Quelles seront les conséquences de ces difficultés sur la durée du chantier ? “Plusieurs réunions collégiales se sont déroulées en 2023 en présence des partenaires financiers. Différentes stratégies y ont été présentées et les contrats de réparations sont désormais lancés”, précise Sébastien Koczorowski. Reste à finaliser le nouveau planning. Celui-ci pourrait être dévoilé en juin 2024. Il devrait se traduire par un retard de deux ou trois ans au minimum, et la modification de certaines phases clés. Par exemple, la génération d’un premier plasma, qui devait intervenir avant 2030, sera reportée de plusieurs années. “Mais comme il y aura davantage d’éléments intégrés dans la machine, cela permettra de faire plus rapidement des expérimentations avancées et donc de rattraper un peu de temps perdu”, pense Yannick Marandet, directeur du laboratoire de physique des interactions ioniques et moléculaires à l’université d’Aix-Marseille.

Un avantage de taille

“Tout le calendrier est en train d’être réaménagé pour comprimer les délais”, confirme Michel Claessens. Plus pragmatique, la nouvelle approche défendue par la direction d’Iter semble convaincre. “Les pays donateurs soutiennent toujours le projet”, assure Sébastien Koczorowski. Sans doute gardent-ils en tête les atouts d’une machine futuriste comme Iter. “Si ce réacteur expérimental est si gros et si complexe, c’est pour pouvoir créer davantage de chaleur à l’intérieur et surtout, maintenir la réaction de fusion pendant une quinzaine de minutes. Une performance bien plus élevée que celle que visent les start-up les plus en vue avec leurs machines de poche”, résume Yannick Marandet.
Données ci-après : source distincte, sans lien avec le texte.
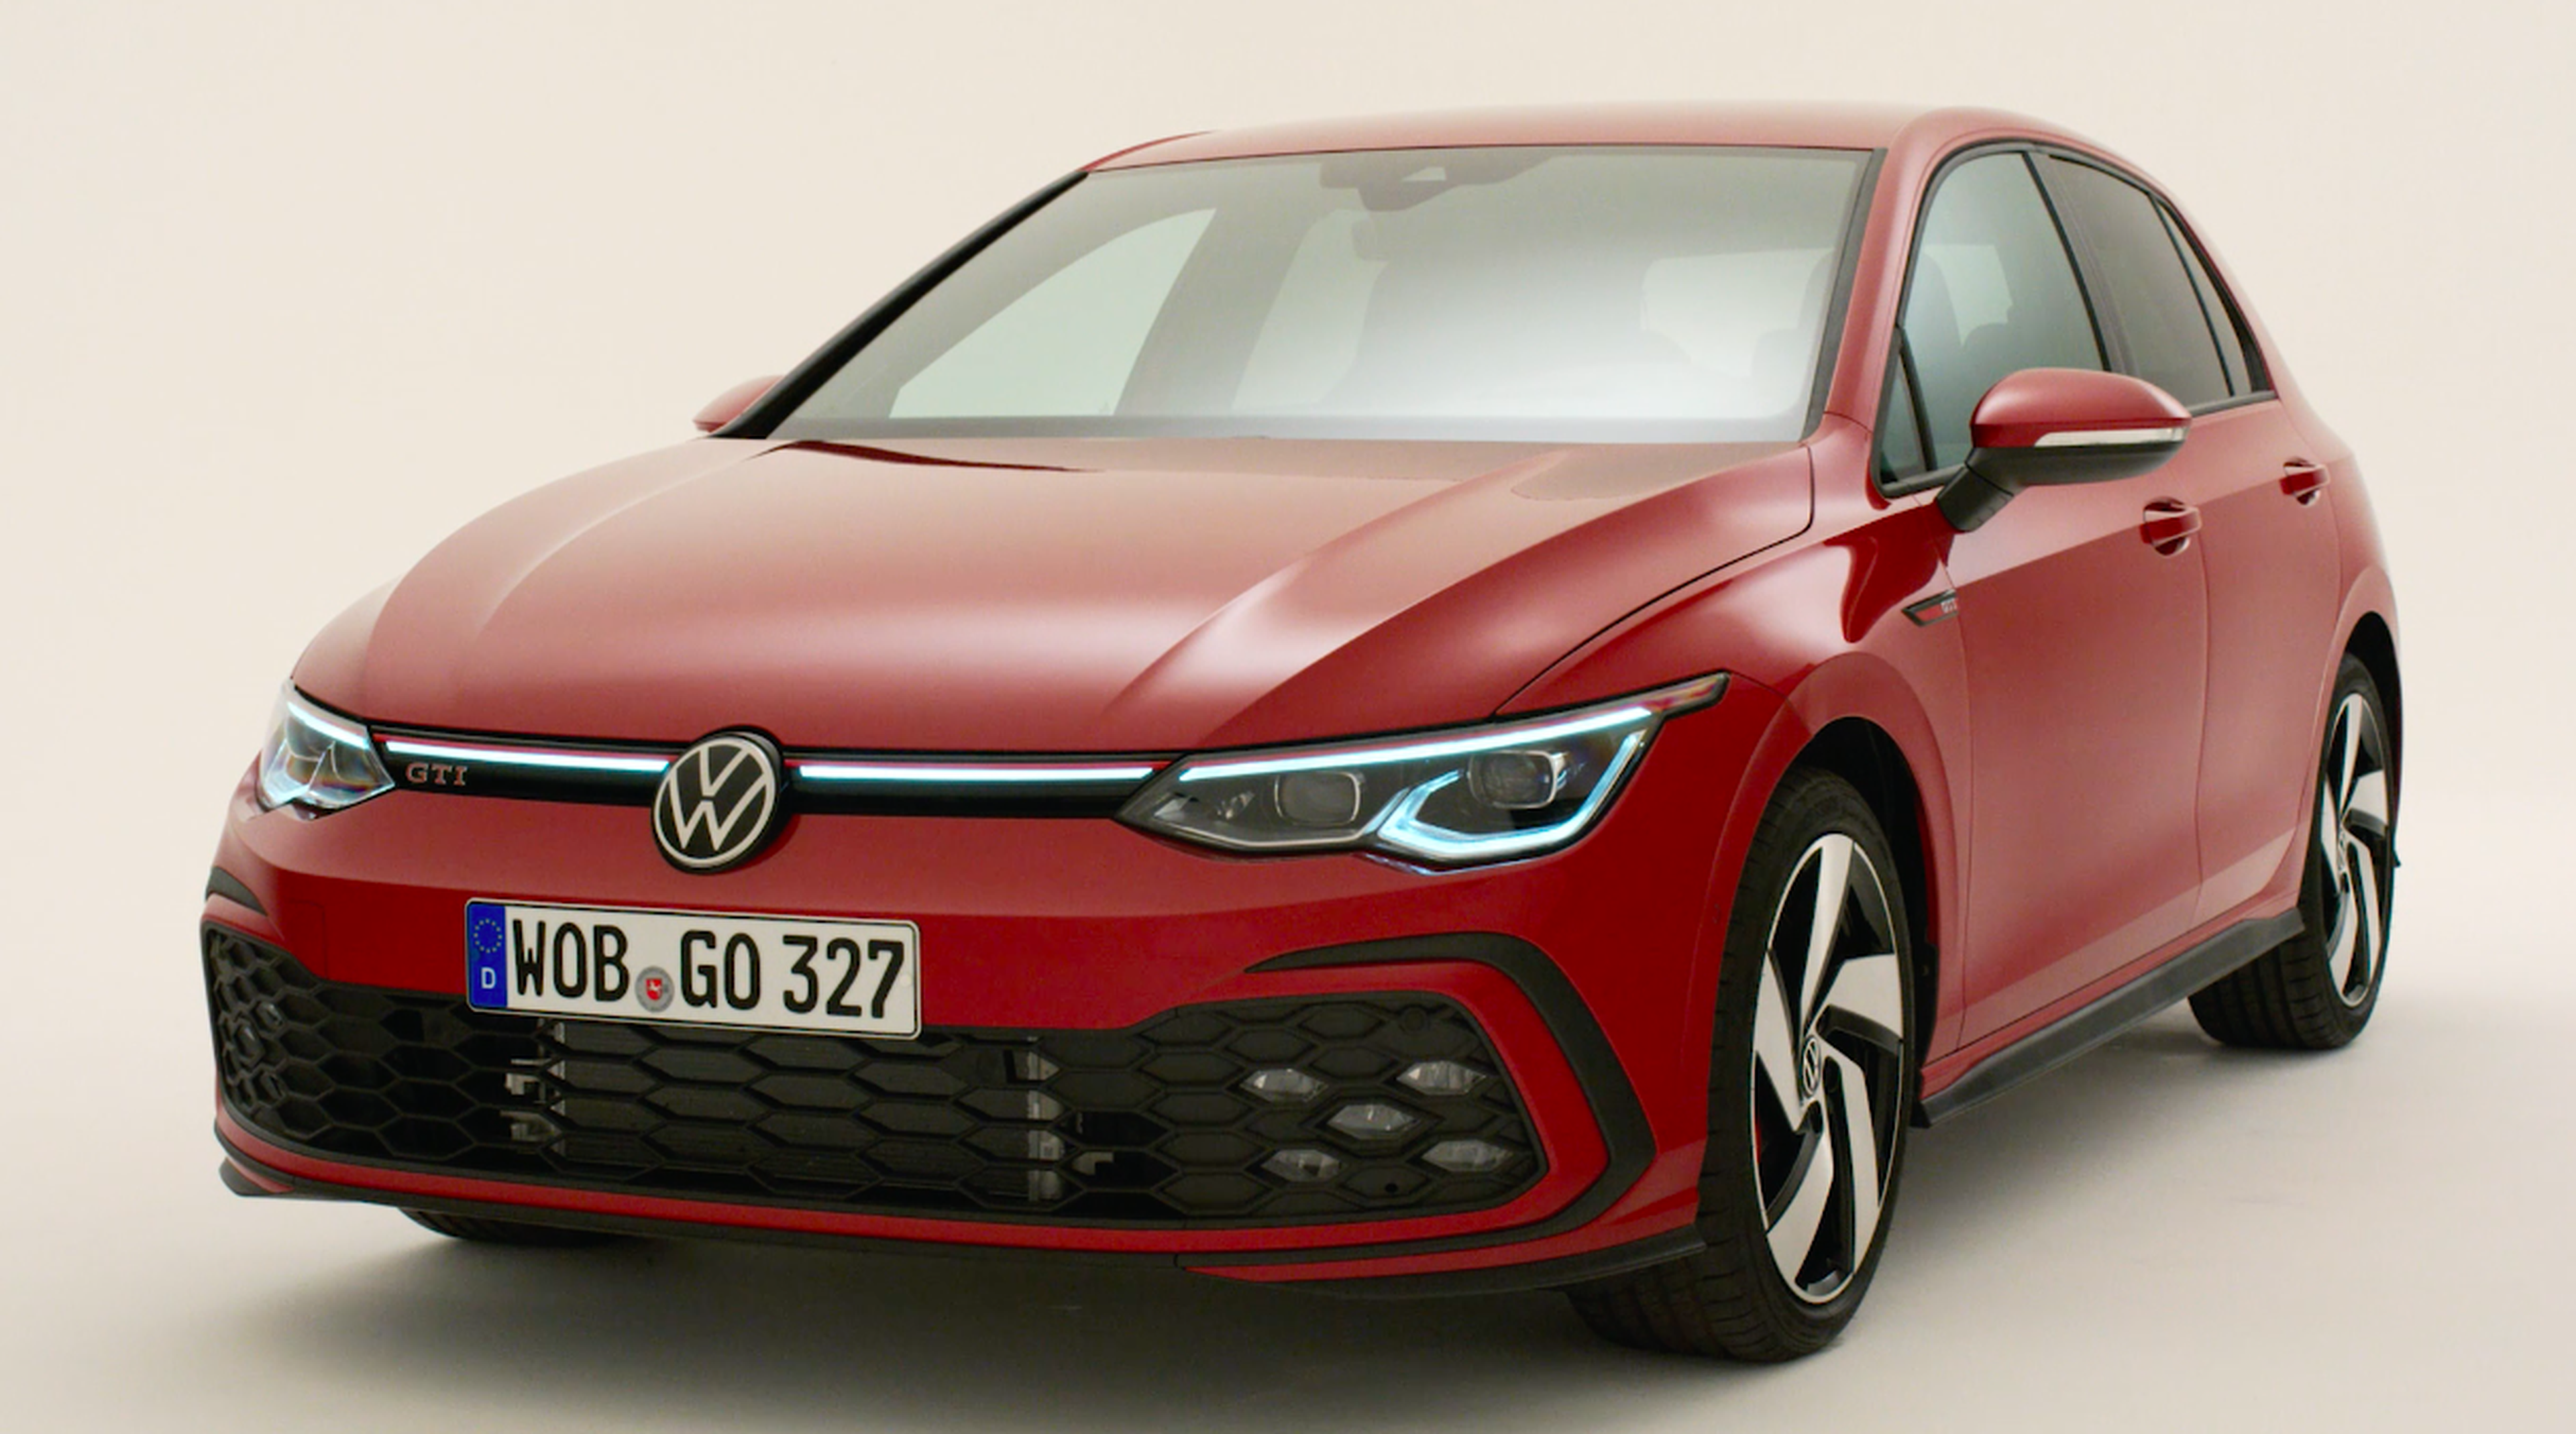 Volkswagen Golf GTI 2020, ya está aquí y lo hemos conocido en persona

Autre aspect inhérent au chantier de Cadarache, les différents partenaires nationaux veulent être certains qu’à l’issue du processus, ils auront acquis les compétences nécessaires à la conception d’un réacteur. Chacun d’entre eux fournit donc des éléments de la machine, ce qui ajoute une couche de complexité au projet et allonge les délais de construction. “Au rythme où vont les choses, la fusion ne sera sans doute pas suffisamment développée pour peser sur le climat en 2050, convient Yannick Marandet. Mais cela ne veut pas dire qu’elle n’a aucun intérêt !” Elle vise à produire une énergie décarbonée, pilotable, à partir de ressources disponibles en abondance et de manière relativement homogène (du deutérium issu des océans et du lithium en très petite quantité par rapport aux besoins industriels). “La fusion a sa place dans notre mix énergétique, estime le scientifique. N’oublions pas qu’un scénario 100 % renouvelable nécessiterait la construction de centrales thermiques fonctionnant au gaz, si on se réfère aux scénarios produits par RTE [Réseau de transport d’électricité]. Par ailleurs, les ressources en uranium nécessaires pour les réacteurs nucléaires actuels finiront bien par s’épuiser. Enfin, si à l’avenir nous devons capter énormément de CO2 dans notre atmosphère, il nous faudra beaucoup d’énergie. Dans ce cas, la fusion pourrait s’avérer utile.” Mais avant d’en arriver là, il faudra mener le chantier jusqu’au bout.